Do you really want to come off like someone who so desperately wants a gig that you’ll do anything? Or worse, if you’re the parent of a child actor, do you really want to come off as someone who will pimp out your child’s services for free? Do you realize that this sort off offer, if put in front of an unscrupulous casting director or shady scam artist, is the scariest and most seductive bait? This is how the casting couch was created. Not so much because there are scummy people in positions of power looking to manipulate those who want something so badly, but more because there are so very many people out there desperate to get the gig that they really will offer up anything (and I do mean anything — you would be shocked and disgusted) in order to get a shot at it. And the most power-hungry producer wannabes in the mix will absolutely take advantage of that much desperation being flung in their direction. Every time.
It’s frightening, really. I’ve posted a couple of blog entries about it, actually, hoping to diffuse some of the frustrated energy and get a laugh out of the whole thing, but as the messages continue to flood my multiple inboxes after each new breakdown is released, the messages build in their desperation. They get more and more frightening. They make me sad.
Because acting is already a profession in which actors have very little power or control over their destiny. Unless they’re producing their own material (which I highly recommend), they really are relying on the investment of an agent or manager who believes in them, and then on the eye of a casting director who wants to present them to the producers, and then on the good sense of the producers to actually hire them to do the job. So, when there’s already that much “lack of control” to the equation, the addition of a desperate, needy, “I’ll do anything… and I mean anything” is appalling.
All you need to do is be talented, professional, the right type, with great materials, and ready to jump at the opportunity when given one. You don’t need to buy things for people. You don’t need to sleep with them. You don’t need to offer up working for free.
And to cover a less-stinky but still unattractive level of desperation, you don’t need to spam the industry (via email, phone calls, faxes, postcards, etc.) repeatedly to make sure we know you’re working. I actually received the exact same postcard from one actor five times in the past two weeks. Five times. Same exact postcard, same exact mailing label, same exact printed self-congratulatory note about the booking. And then I attended a show and there was a stack of this same postcard in the lobby of the theatre. Oh, and by the way, this actor wasn’t even in the show, there, so she had just made sure to leave a stack of postcards in this theatre lobby (and I’m assuming, others), so that folks like me who were attending this show could be sure to notice (again) that she had booked this gig she’d already mailed us about five flippin’ times.
Now, you know I love self-promotion. I think it’s essential to let the industry know you’re out there working. But overkill smells just like desperation. We wonder why you’re so excited about booking a co-star that you’ll spend what must amount to nearly a thousand dollars promoting it. Like, maybe it doesn’t happen very often, so you’re trying to be sure we’re all keenly aware of the event. *sniff* Yeah. That’s not smelling like self-promotion at that point. That’s the stench of a desperate actor hoping no one will see how terrified she is that she may never work again.

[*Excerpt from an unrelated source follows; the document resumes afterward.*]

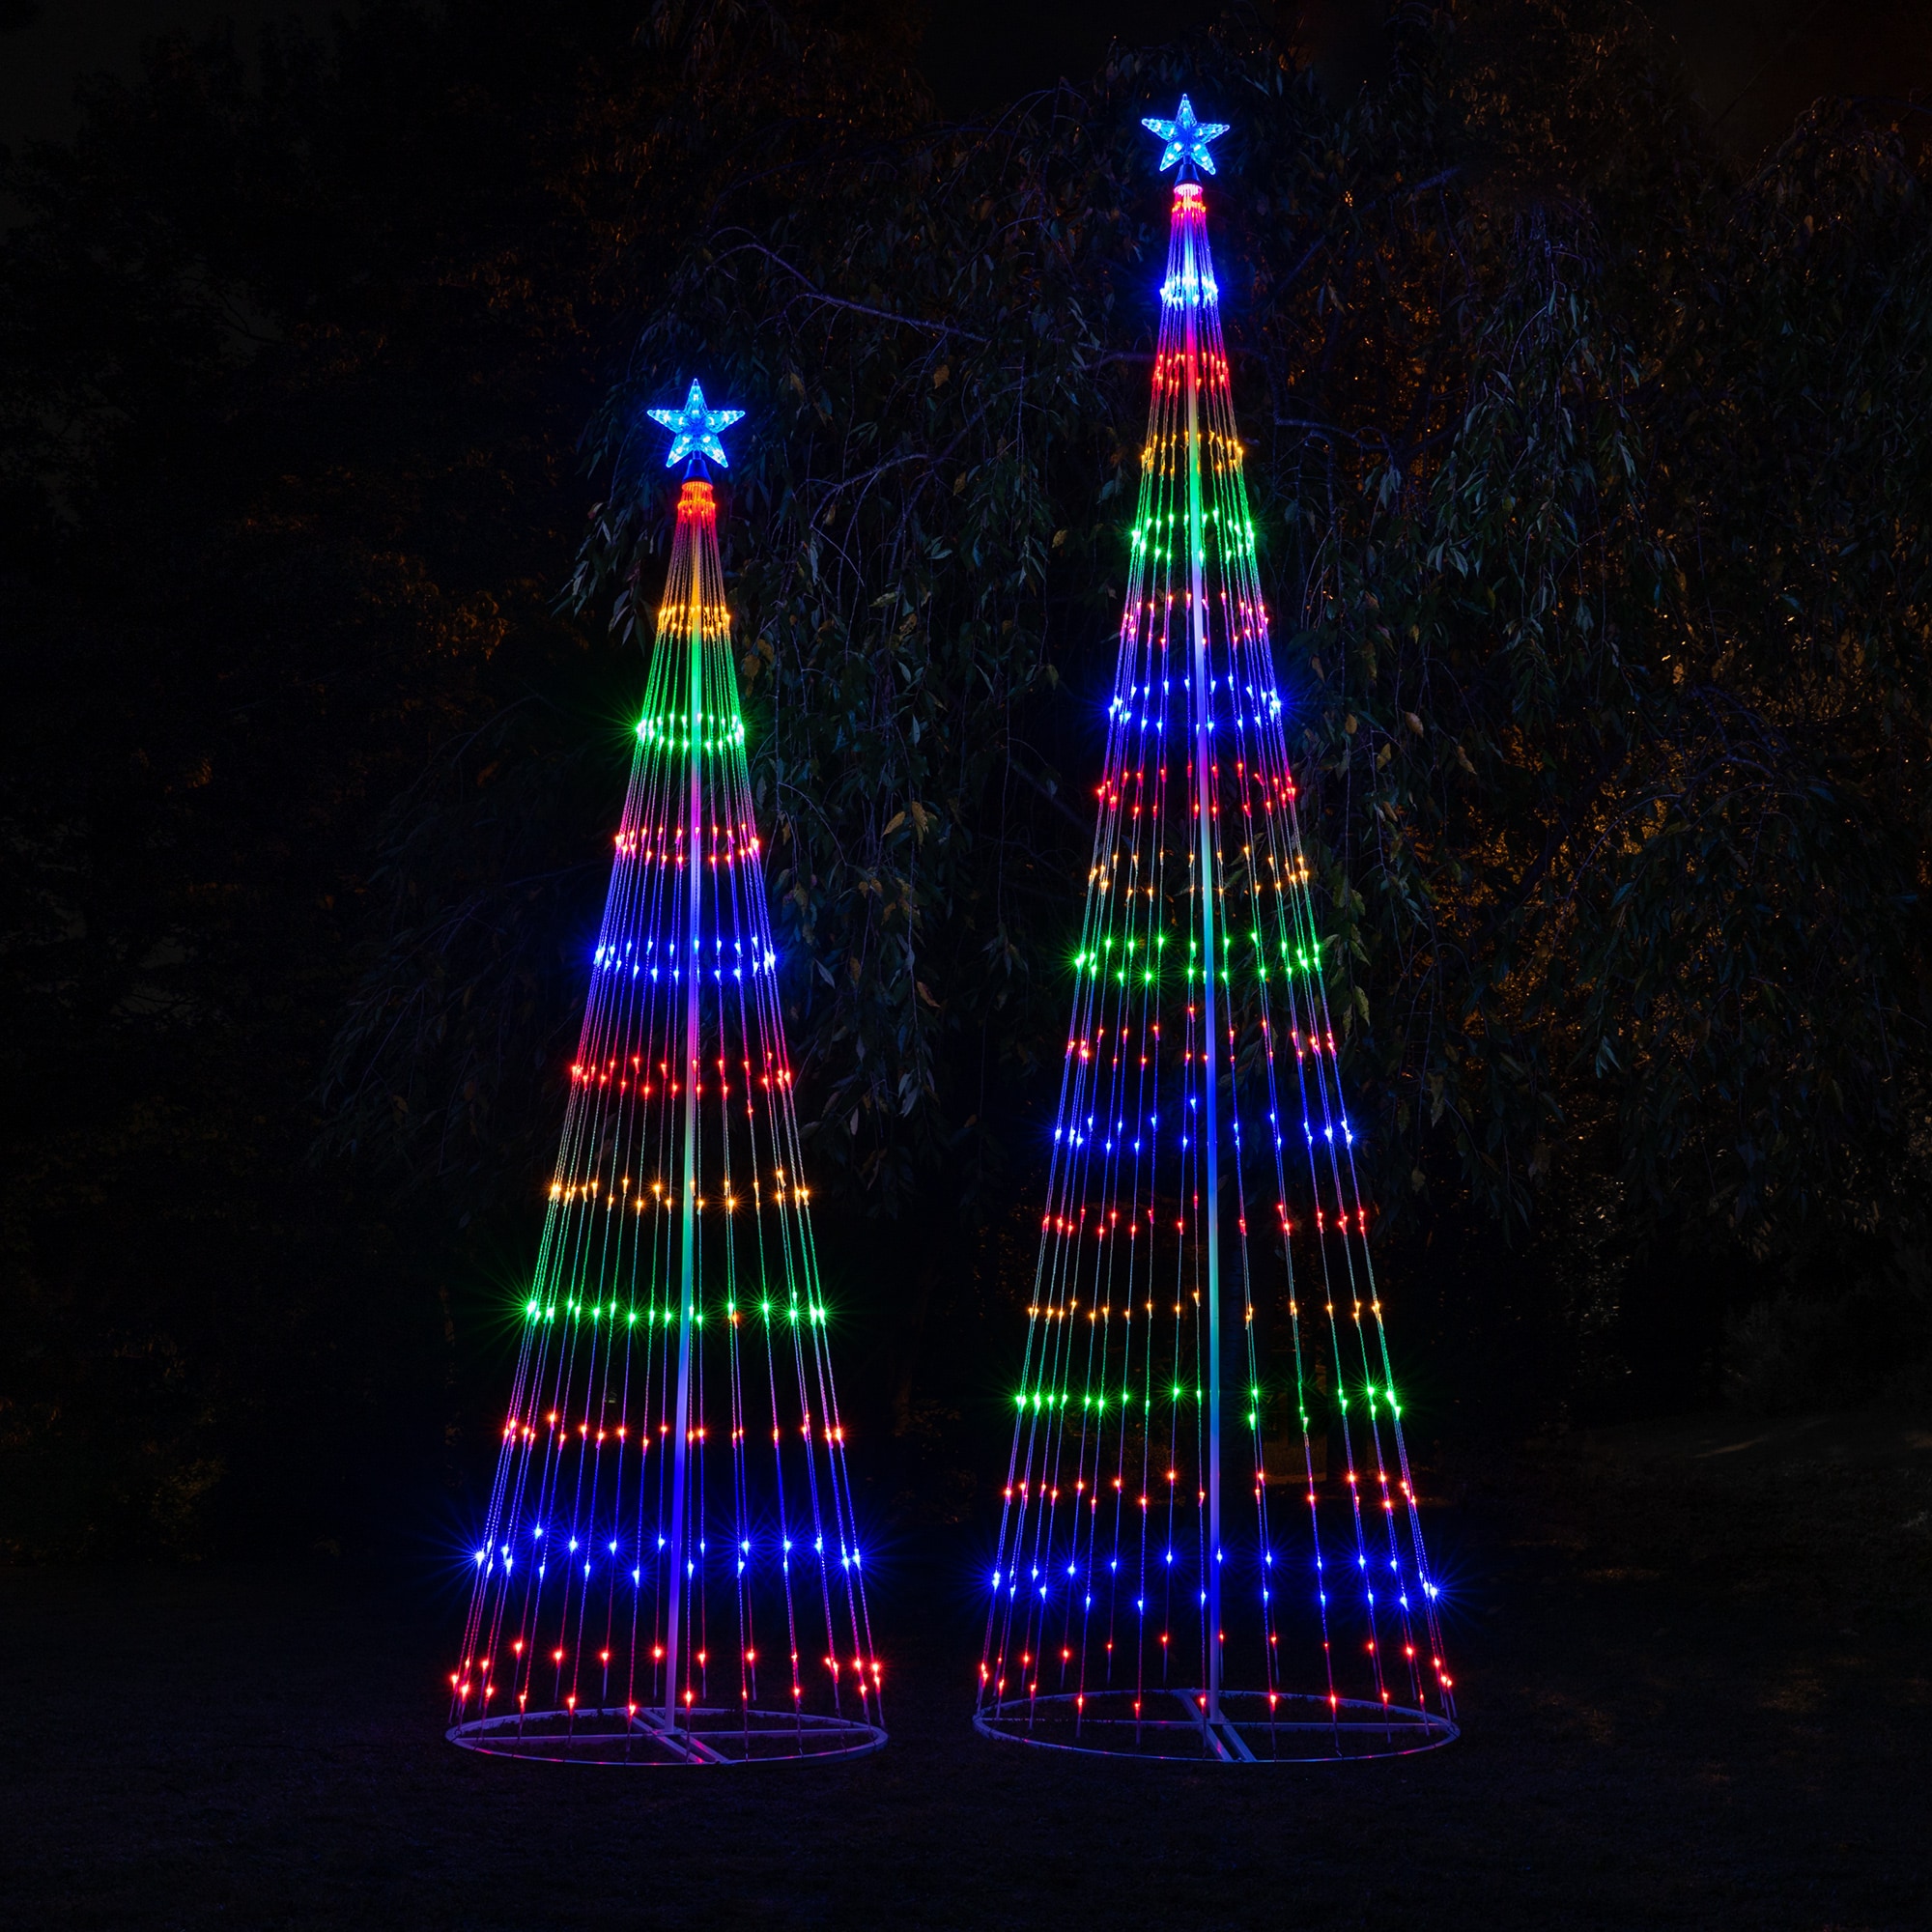 LED Outdoor Christmas Light Show Motion Tree Multi Color 3D Display Decor NEW 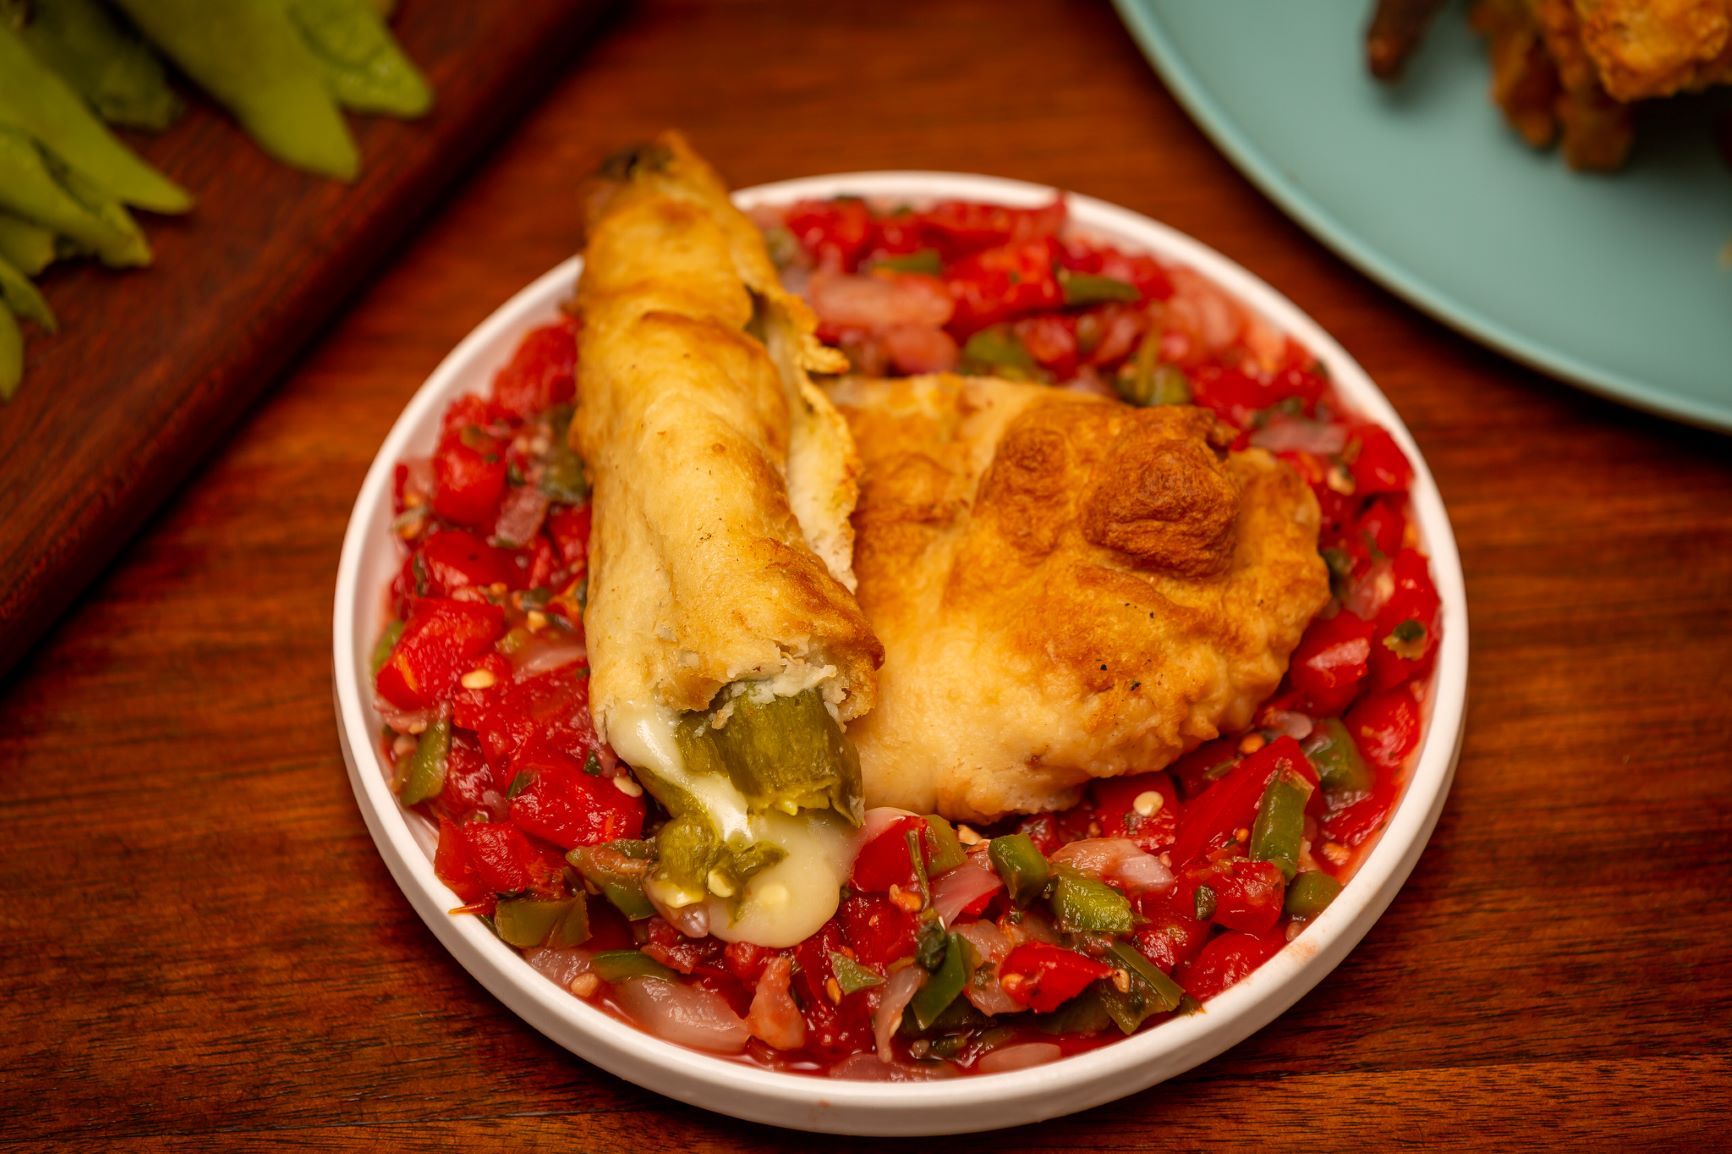 Hatch Chile Rellenos - The Fresh Chile Company

Look, everyone in this business is secretly terrified he or she will never work again, to some extent. Even if it’s never really dwelled upon, everyone knows this is a fickle, freelance lifestyle and you absolutely must strike while the proverbial iron is hot in order to build up momentum and keep working. But there’s a way to do it that exudes confidence, and in the end, that’s far more attractive (and pleasant-smelling) than desperation.
While it may be true that you’d pay to get to be a part of a cast like that one, that you’d do anything to have this opportunity, that you — deep inside — do desperately need and want the next job, you cannot let us know that. Save those details for after you’ve booked the gig due to your talent and professionalism. Gush about how much booking this one means to you after the check has cleared. Showing the industry how needy you are doesn’t make you look like a professional actor. It makes you look like a desperate wannabe. Keep that little beast inside, no matter how much you want to whore yourself out. There are way too many people who will take advantage of that, in this business. And it’s a hard enough career as it is, without having to endure that type of experience to make it that much more challenging.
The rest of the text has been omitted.